Cerebras Systems
An American AI hardware company that builds wafer-scale processors, using an entire silicon wafer as a single chip to accelerate deep learning training and to deliver very high-speed large language model inference.
Cerebras Systems is an American semiconductor and artificial intelligence company headquartered in Sunnyvale, California, known for building the largest computer chips in the industry. Rather than dividing a silicon wafer into many small chips in the conventional way, Cerebras manufactures a single processor that occupies almost an entire wafer. This wafer-scale approach is designed to accelerate the training of deep learning models and, more recently, to deliver very high-speed inference for large language models.
Wafer-scale engine
The company's flagship product is the Wafer Scale Engine, or WSE. A standard chip fabrication process produces many separate dies from one circular silicon wafer, which are then cut apart and packaged individually. Cerebras instead keeps the wafer intact and treats it as one enormous processor, connecting its many cores with high-bandwidth on-chip links. The advantage is that data can move between cores without leaving the chip, avoiding the slower and more power-hungry communication that limits clusters of separate processors.

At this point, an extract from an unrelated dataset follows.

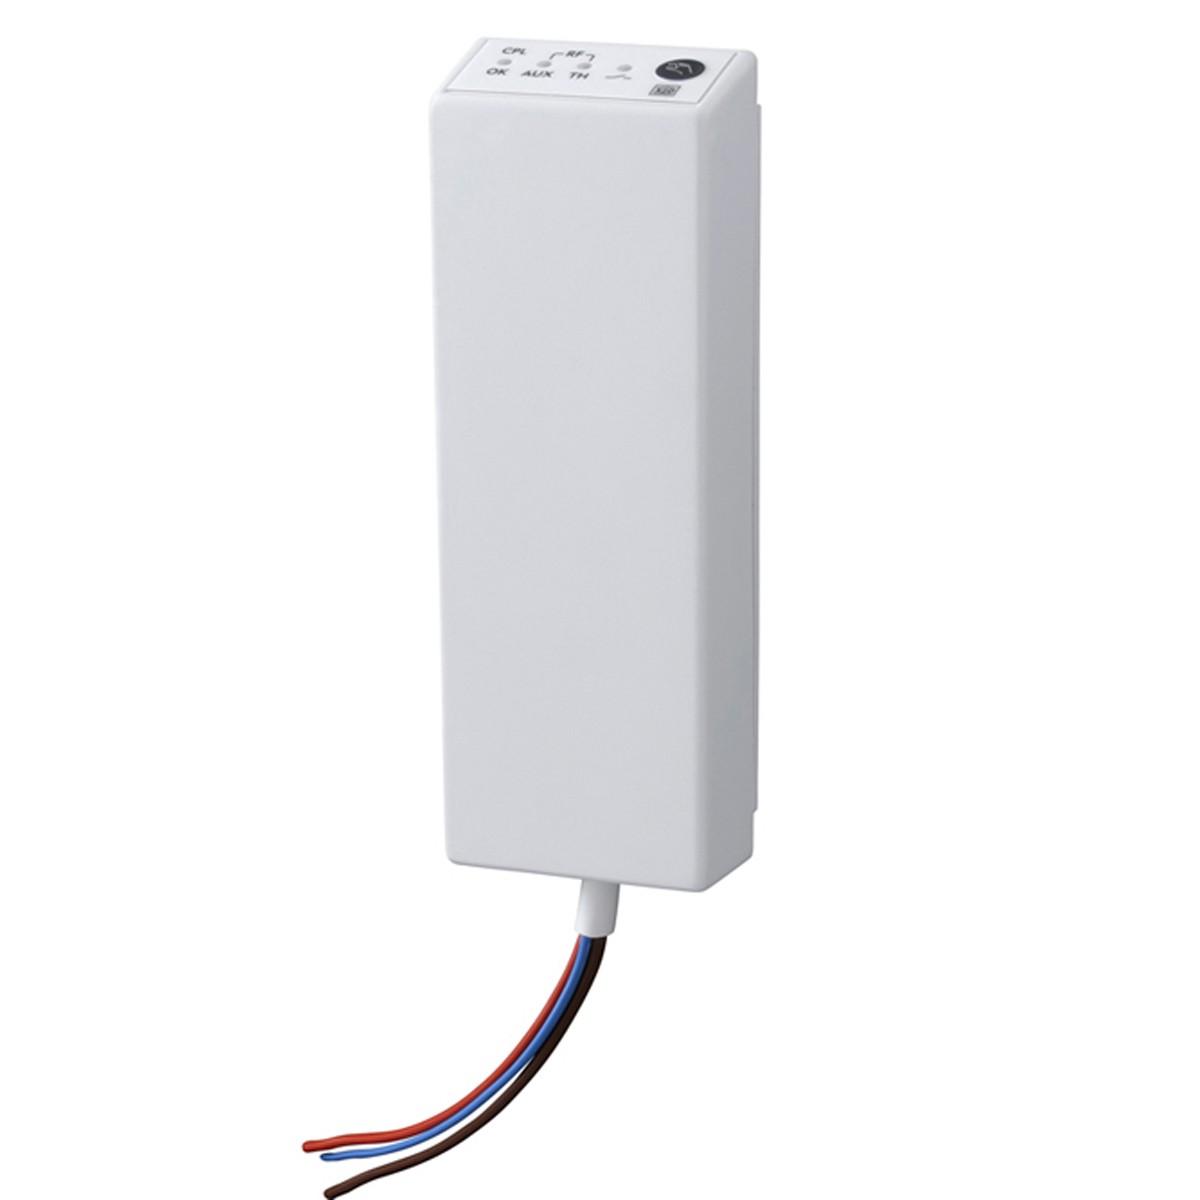 HP 108 : Récepteur CPL et Radio Fréquence

The third-generation WSE-3, built on the TSMC 5-nanometre process, integrates about 4 trillion transistors, roughly 900,000 AI-optimised cores, and 44 gigabytes of on-chip memory. It is rated at around 125 petaflops of peak performance and offers extremely high on-chip memory bandwidth. Keeping large amounts of memory on the same piece of silicon as the compute cores is central to the design, because memory bandwidth is often the true bottleneck in AI workloads.
From training to inference
Cerebras originally positioned wafer-scale hardware for training, where the ability to hold a large model on one chip simplifies programming compared with distributing it across many GPUs. More recently the company has emphasised inference, marketing what it describes as some of the fastest large language model serving available. By holding model weights in fast on-chip memory, Cerebras systems can generate output tokens at rates well above typical GPU-based systems. The company has reported serving large open-weight models at thousands of tokens per second per user, figures that in its published benchmarks exceed those of contemporary flagship GPU systems on the same models.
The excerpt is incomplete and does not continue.